*Work instruction:* Transcription, pictures excluded: write out the data below exactly.

*Supplied material:*
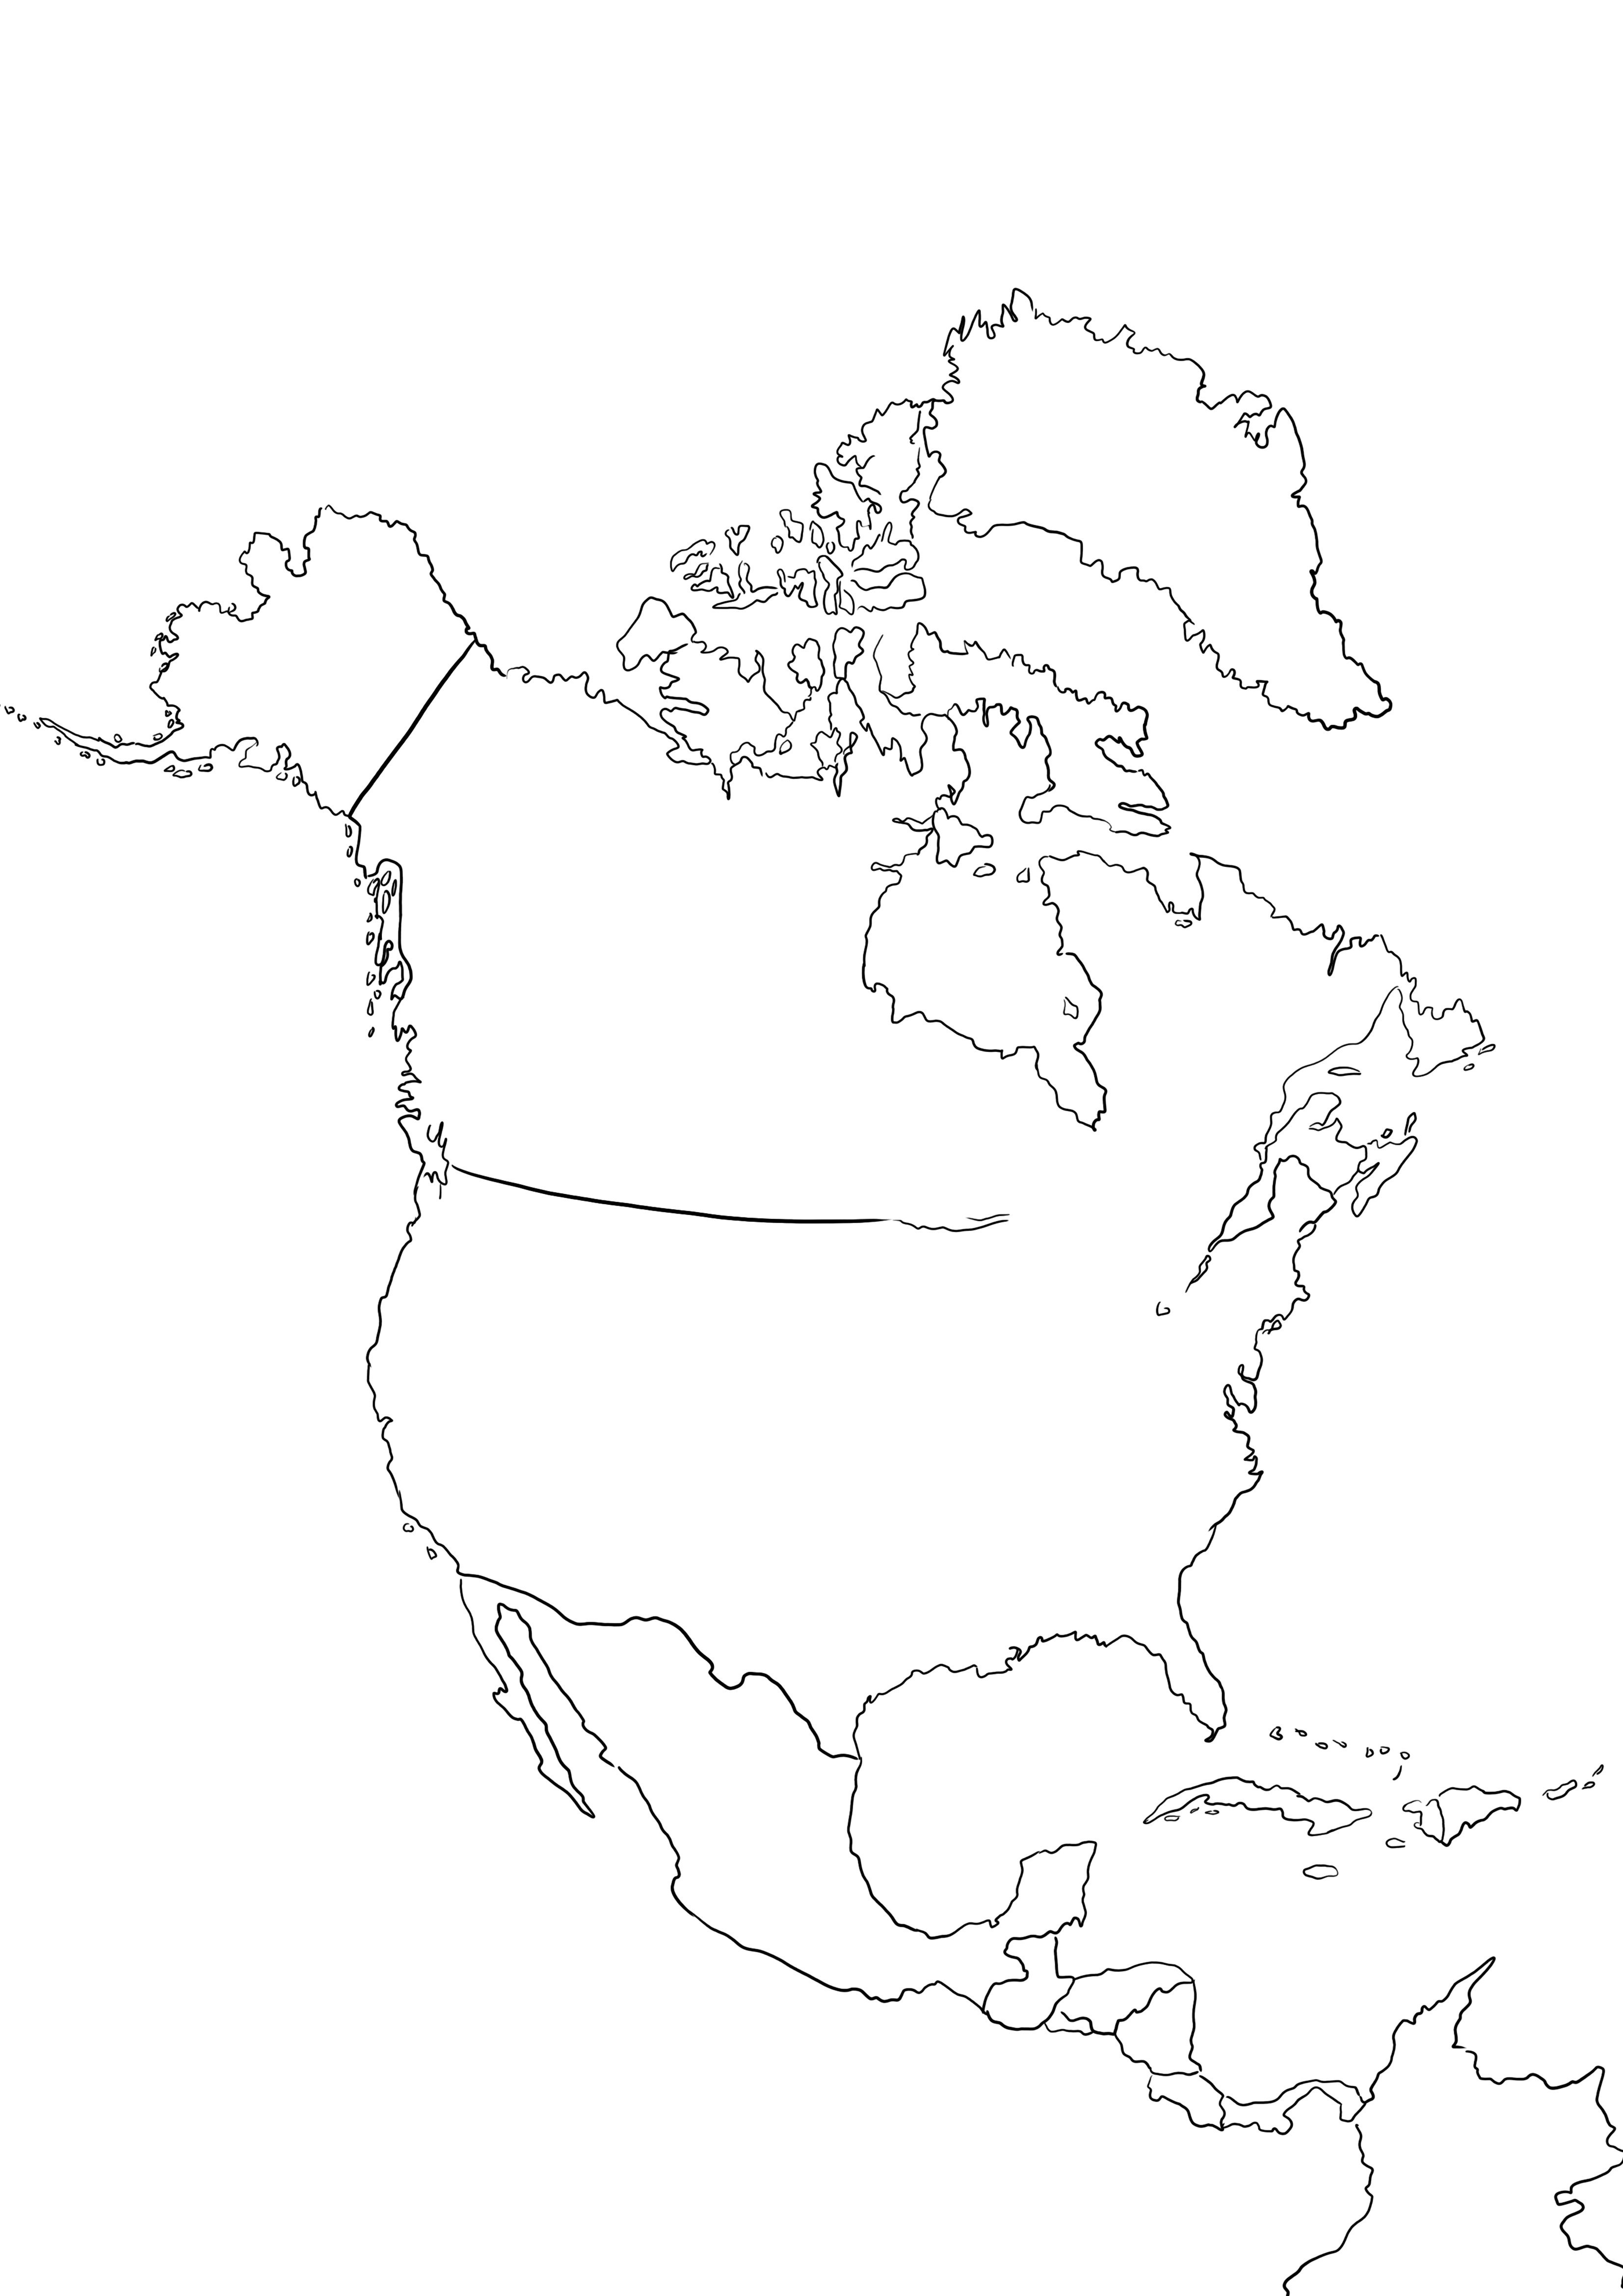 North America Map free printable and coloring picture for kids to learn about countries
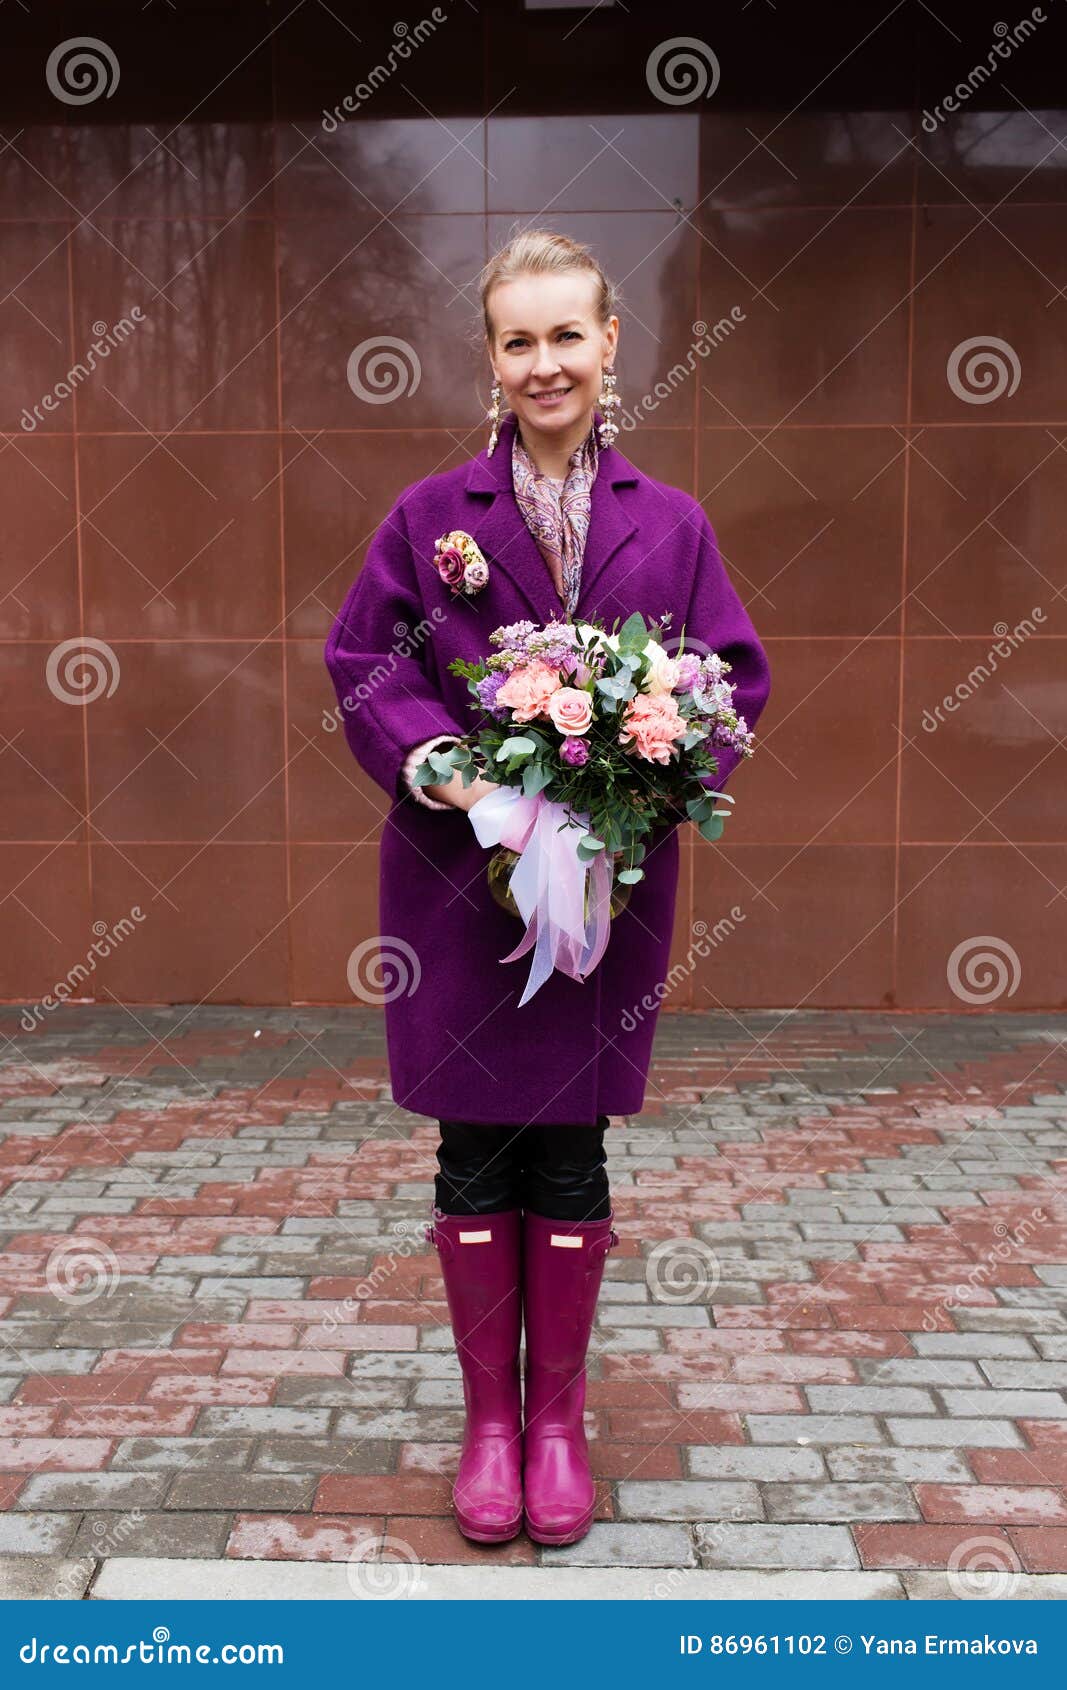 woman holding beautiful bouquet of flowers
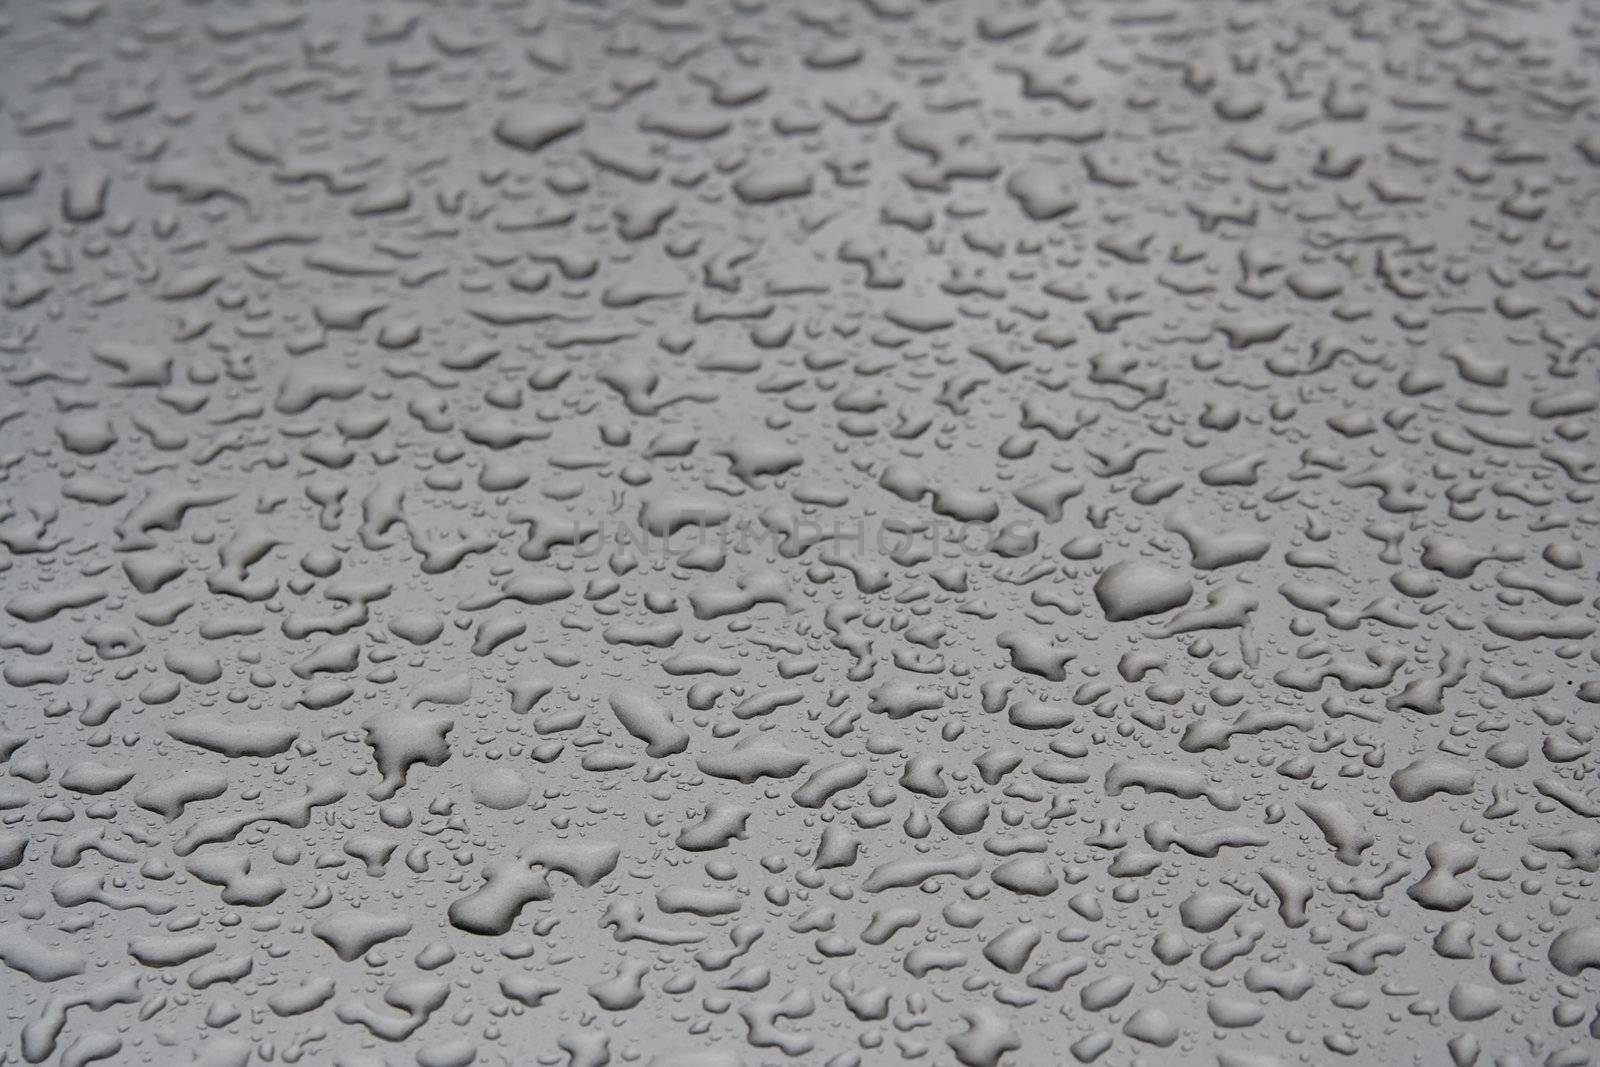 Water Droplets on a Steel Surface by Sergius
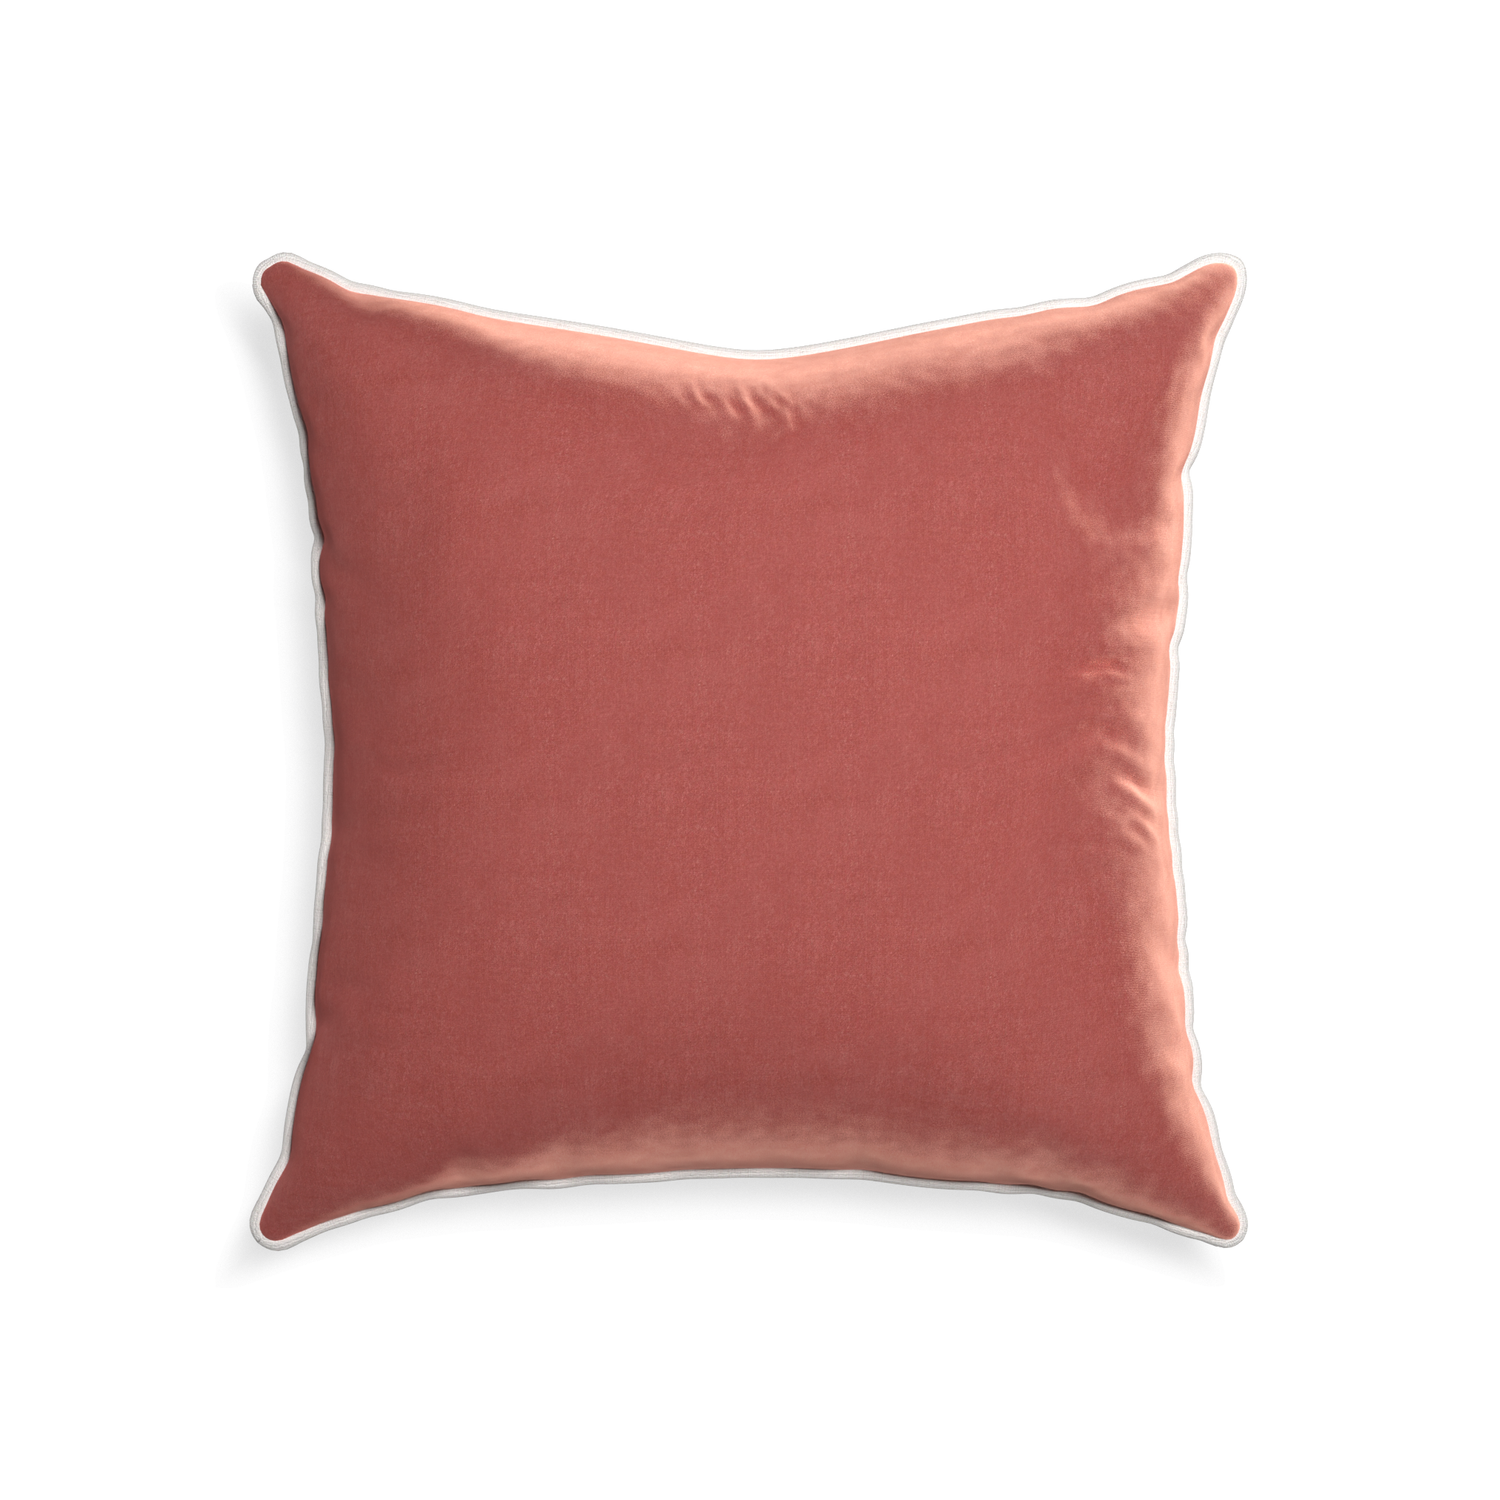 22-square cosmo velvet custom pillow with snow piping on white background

*Problem solution:*
 North America Map free printable and coloring picture for kids to learn about countries
 woman holding beautiful bouquet of flowers
 Water Droplets on a Steel Surface by Sergius
 22-square cosmo velvet custom pillow with snow piping on white background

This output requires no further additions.